Finalement, les projets d’analyses (marchés, opérateurs, obligations) seront notifiés à la Commission. L’Autorité envisage d’être en mesure de notifier les projets de décision au début de l’automne 2004, une fois que la loi portant transposition des directives ainsi que les dispositions réglementaires nécessaires en la matière seront entrées en vigueur. Ainsi, les décisions correspondantes pourraient, sous cette réserve, être définitivement adoptées par l’ART dans le courant de l’automne 2004.

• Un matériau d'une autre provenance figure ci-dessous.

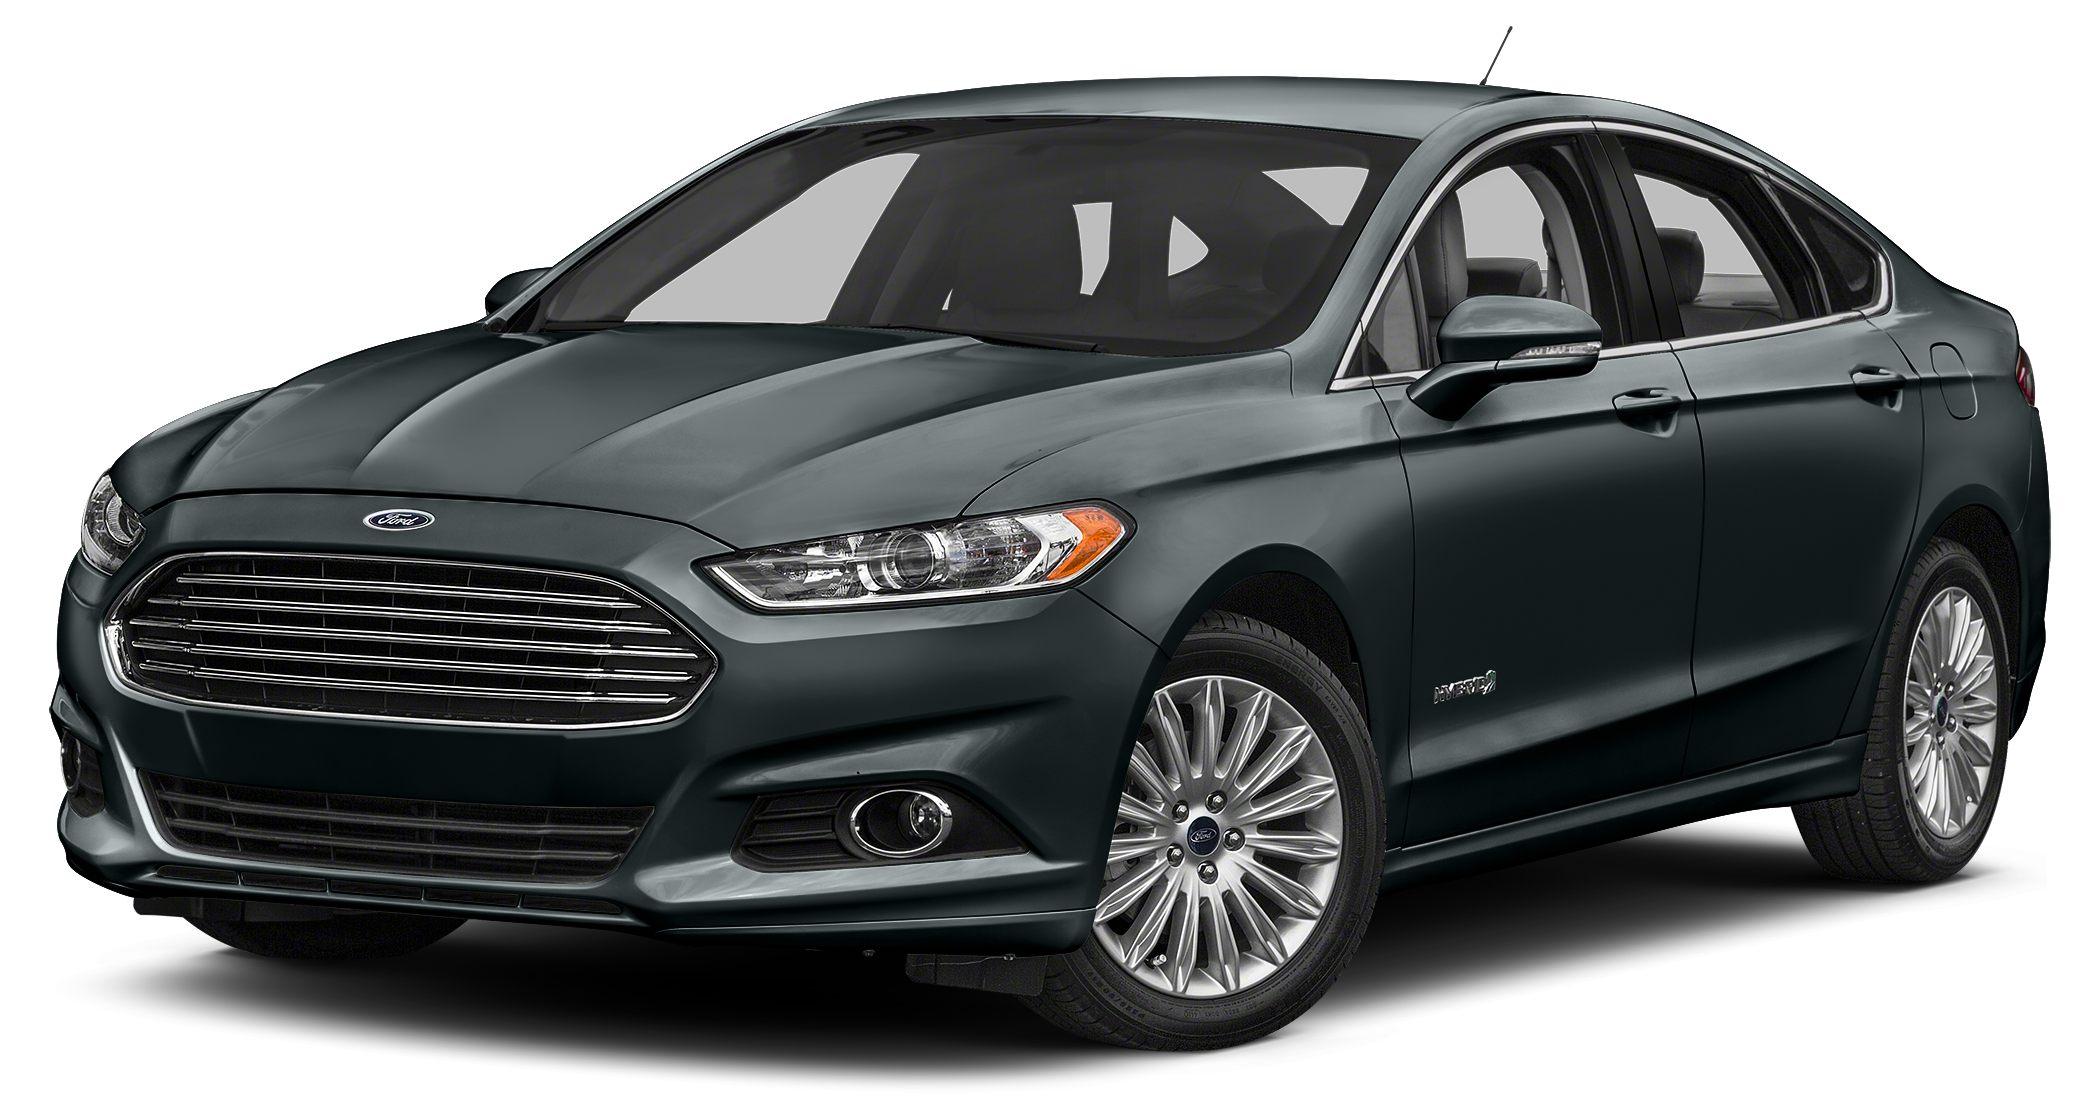 2013 Ford Fusion Hybrid SE Miles 48862Color Gray Stock 8684 VIN 3FA6P0LU6DR238354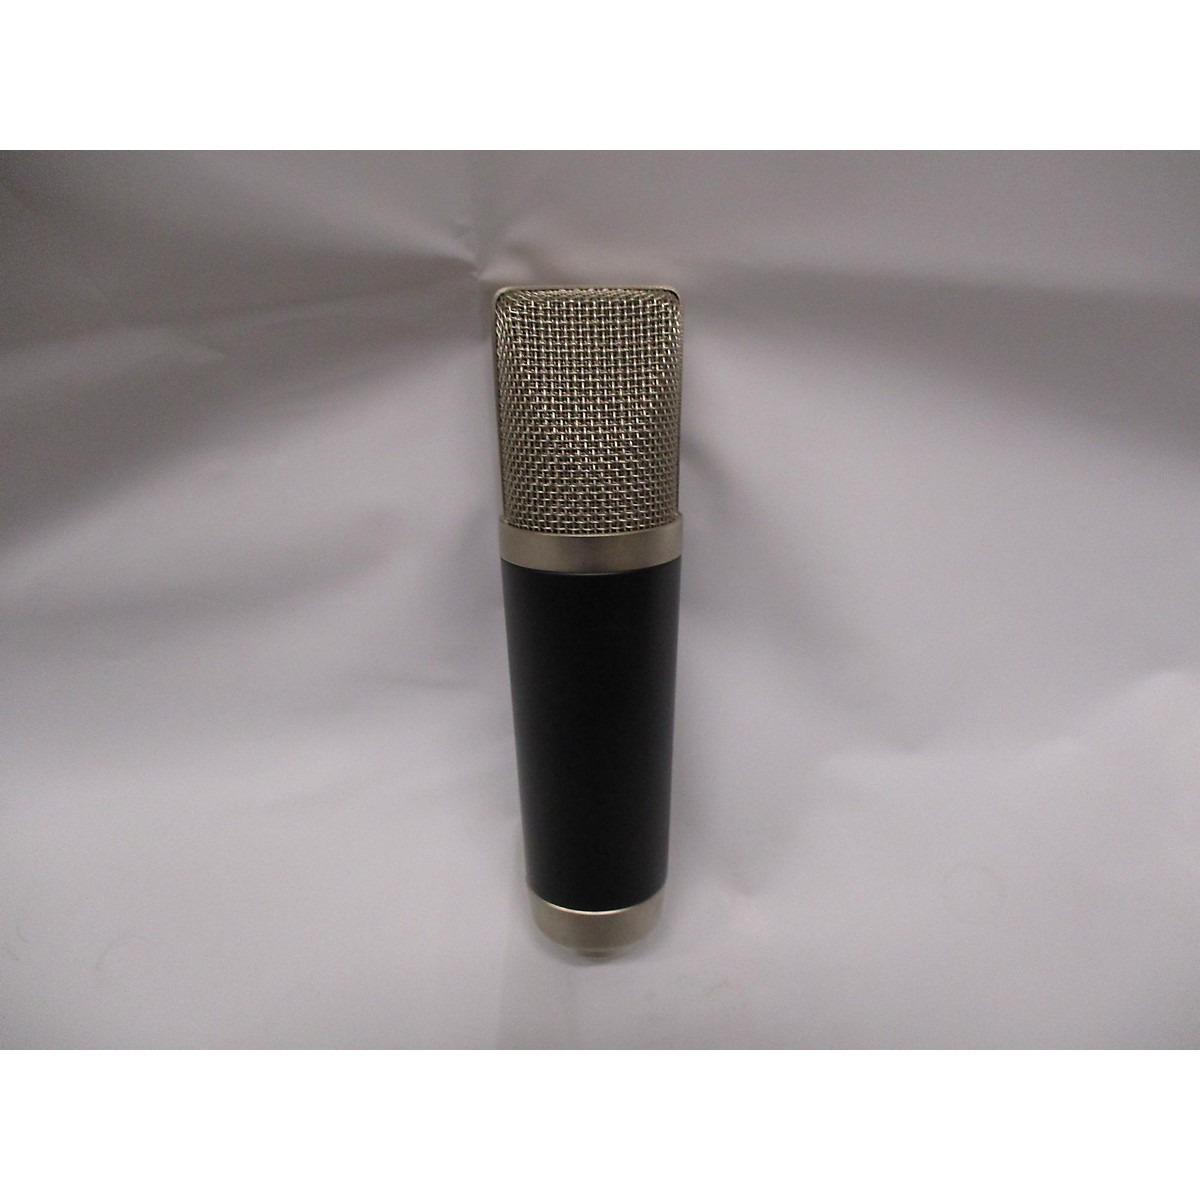 M-Audio PRODUCER USB USB Microphone

2- L’établissement et la gestion du plan de numérotation national

L’Autorité établit et gère le plan de numérotation national ; elle attribue les ressources en fréquences et en numérotation aux opérateurs et aux utilisateurs, dans des conditions objectives, transparentes et non discriminatoires. L’ART va être amenée à gérer les ressources rares : fréquences et numéros de téléphone. La gestion des fréquences est partagée entre l’ART (Art L36-7 CPT) et l’Agence Nationale des Fréquences (ANFr). L’ART doit attribuer les fréquences et veiller à leur bonne utilisation. Elle n’attribue que les fréquences qui sont du ressort des télécommunications. Sont exclues les fréquences pour la télé, la police, l’armée. Elle ne participe pas aux négociations du plan de fréquence avec les pays voisins (TNRBF = Tableau National de Répartition des Bandes de Fréquences). Elle veille aussi à leur bonne utilisation. Il faut contrôler l’attribution de ces ressources rares, il faut mettre en place un processus d’attribution. Il y a une redevance de mise à disposition et de gestion (Décret du 03/02/1993). Le nouveau cadre prévoit la cession de licences d’une compagnie à une autre. Toute cession devra être notifiée. Premier pas vers les marchés secondaires du spectre. Il peut y avoir un refus des demandes fréquences (défense nationale, incapacité technique ou financière,…). Les fréquences de l’audiovisuel devaient être gérées en partie par l’ART. Pour des raisons de logique, cette disposition a été supprimée. C’est le CSA qui est responsable de l’attribution dans les plages qui lui sont attribuées par des Dépôts et Consignations Le travail est surtout administratif au niveau des fréquences. Concernant les numéros, il faut établir un plan de numérotation, gérer leur attribution et vérifier la bonne utilisation. Elle doit assurer les autorisations individuelles. La portabilité des numéros mobiles et non géographiques est désormais inscrite dans la loi.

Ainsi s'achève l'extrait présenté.